Why are we so fast? 

Having 8 Gigs of RAM, 4 cores at 2.67 GHz and one of the latest video adapters sometimes results in writing sexy rather than efficient code. When you practically see no difference between O(n) and O(5n) complexity (both linear though) then you may opt for LINQ chains rather than writing your own loops. Same with the architecture – if DependencyObject’s look-up speed is satisfactory and you see no reason to implement your own property store then why should you do so? Or if ItemsControl is fast enough to suite your scenario then why should you bother with writing your own panels? Having your own logical tree – hell no, why do we have Logical and Visual trees in SL?

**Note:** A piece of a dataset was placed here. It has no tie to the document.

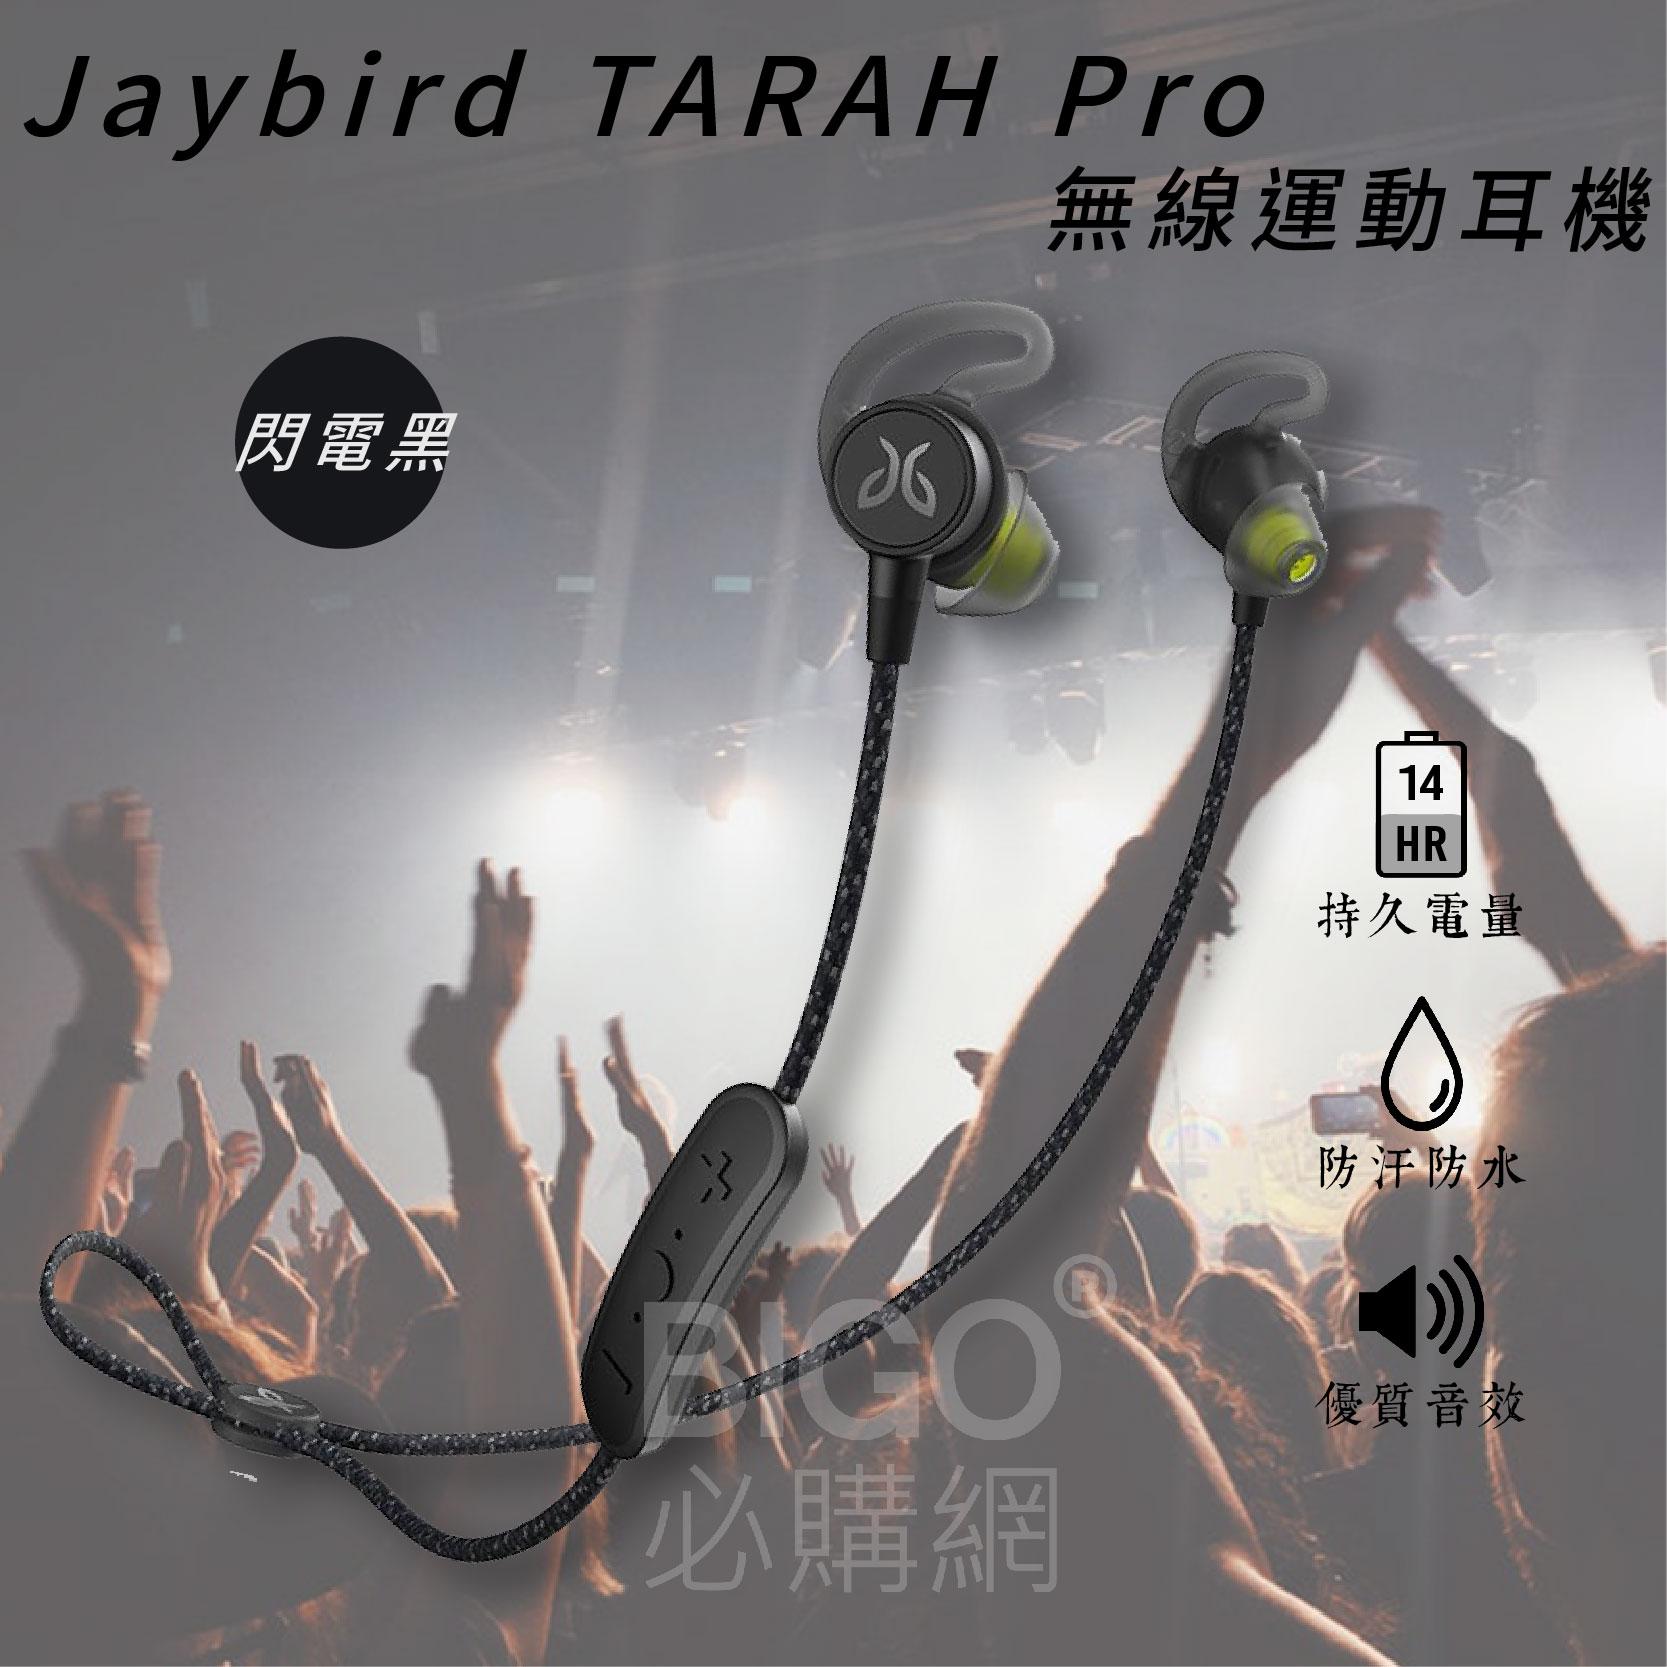 音質推薦🔊美國Jaybird無線藍芽耳機 TARAH Pro閃電黑  防水防汗 運動耳機 慢跑 藍芽連接 可通話 自訂音效

Well, all these points make perfect sense in the context of Windows Phone 7 where hardware resources are fairly limited. To sum up:

  • We have separated the chart into several layers, where the core one is totally platform agnostic and is built on top of our custom logical tree. We call this layer the “View Model” of the chart.
  • We have a custom property store used within the charting logical tree. It is about 5 times faster than DependencyObject in look-up time and consumes about 3 times less memory.
  • We have an entirely custom layout and do not rely on the SL layout system to arrange our charting view models.
  • We have a stand-alone visualization layer that presents the chart view model. Every view model is presented by the simplest possible SL visual – e.g. Rectangle, Line, Polyline, etc. Still, every single aspect is fully customizable by specifying Data Templates or Styles.
  • We use Canvas – the only SL panel that does not invalidate measure automatically. When a redraw of some charting part is required, we simply update the Width, Height and Canvas.Left, Canvas.Top properties of the corresponding visual. A simple test proved that calling InvalidateMeasure of the canvas upon a change the in view model degrades performance about 10 times

Pixel-perfectness 

Using Canvas with a custom layout rather than the standard layout panels in SL may result in floating-point rounding errors that produce visual glitches. Well, not in our chart – a layout pass arranges every single node in such a way that it occupies exactly the desired amount of pixels on the screen. 

Roadmap 

We plan to release the first BETA somewhere in the middle of May. At that time the chart should be close to its final version regarding functionality and object model but without interactivity – e.g. zooming and scrolling. Another BETA with complete interactivity will be released near the end of June. The official release will be somewhere in the middle of July.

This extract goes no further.